Ransomes and Rapier Limited

In the summer of 1869, James Allen Ransome, Robert James Ransome, Richard Christopher Rapier and A.A. Bennett, left the Ipswich company, Ransomes, Sims & Head, now Ransomes, Sims & Jeffries Ltd., by agreement to establish a new company, Ransomes & Rapier, on a site on the west bank of the River Orwell, which they appropriately named Waterside Works. They continued their already established business, the manufacture of points and. crossings, rail wedges and trenails for railways. By 1874, a steam locomotive had been built for use in construction work on the Shanghai and Woosung Railway and it was the first locomotive to run in China.
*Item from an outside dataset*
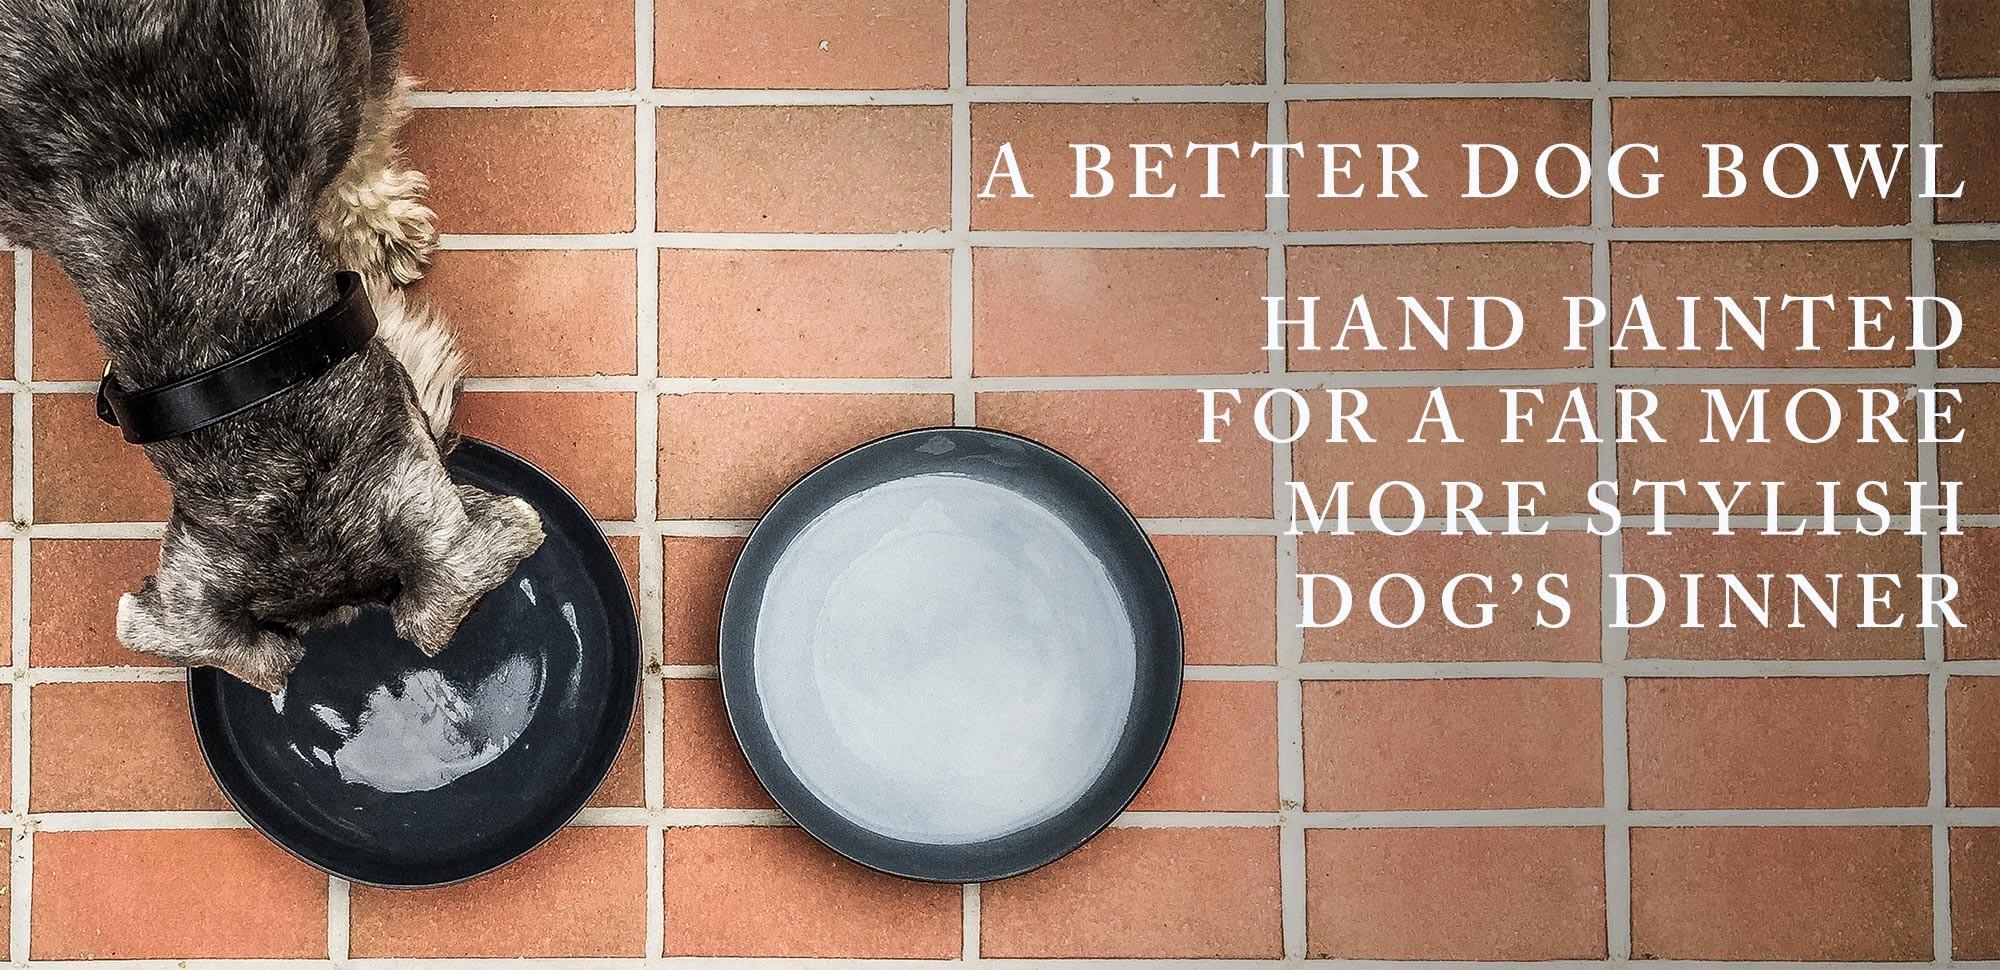 A better dog bowl

Many of the cranes and equipment developed for railways had other industrial applications, and the Company was involved in a wide variety of general engineering projects, including the building of steam and electric dockside, overhead and Goliath cranes and in 1904, the revolving stage at the London Coliseum Theatre. They then moved into manufacturing and holding the patents for water control gates. In 1902, sluice gates were made for the first Aswan Dam on the River Nile in Egypt with many other important installations in over 50 countries across the globe.

In 1932, the Company was the first in the United Kingdom to manufacture concrete mixers mounted on lorries, now universally known as Truck Mixers. In the Palace of Engineering at the British Empire Exhibition, at Wembley in 1923, Ransomes & Rapier exhibited the first petrol electric, rubber tyred mobile crane. Within a few years, Rapier Mobile Cranes were being used by railways, docks and industry and three sizes were in regular batch production for loads up to 7 tons. The designers then turned their attention to producing an even more manoeuvrable crane with a revolving superstructure and many variations in performance and load capacity of these types were produced.

In 1939 R&R quickly switched to a wide range of war work, including shells, guns, tank turrets and a lot more. There was also a good deal of work connected with ships. The works escaped damage in the first conflict but was heavily bombed in the second. Important shops and machinery escaped but there was serious loss of life following a shower of anti-personnel bombs and in one night the company lost a manager and several men. In the first world war Wilfred Stokes won a knighthood for inventing the trench mortar. The Royal Navy calling them in to design a catapult capable of launching an aircraft from a ship. In operation it was one of the most spectacular pieces of apparatus ever constructed at Waterside Works. It was telescopic and could be driven either by compressed air or an explosive charge.

The company closed in 1987 and in 1988 Bucyrus-Erie acquired the dragline assets of Ransomes and Rapier Ltd.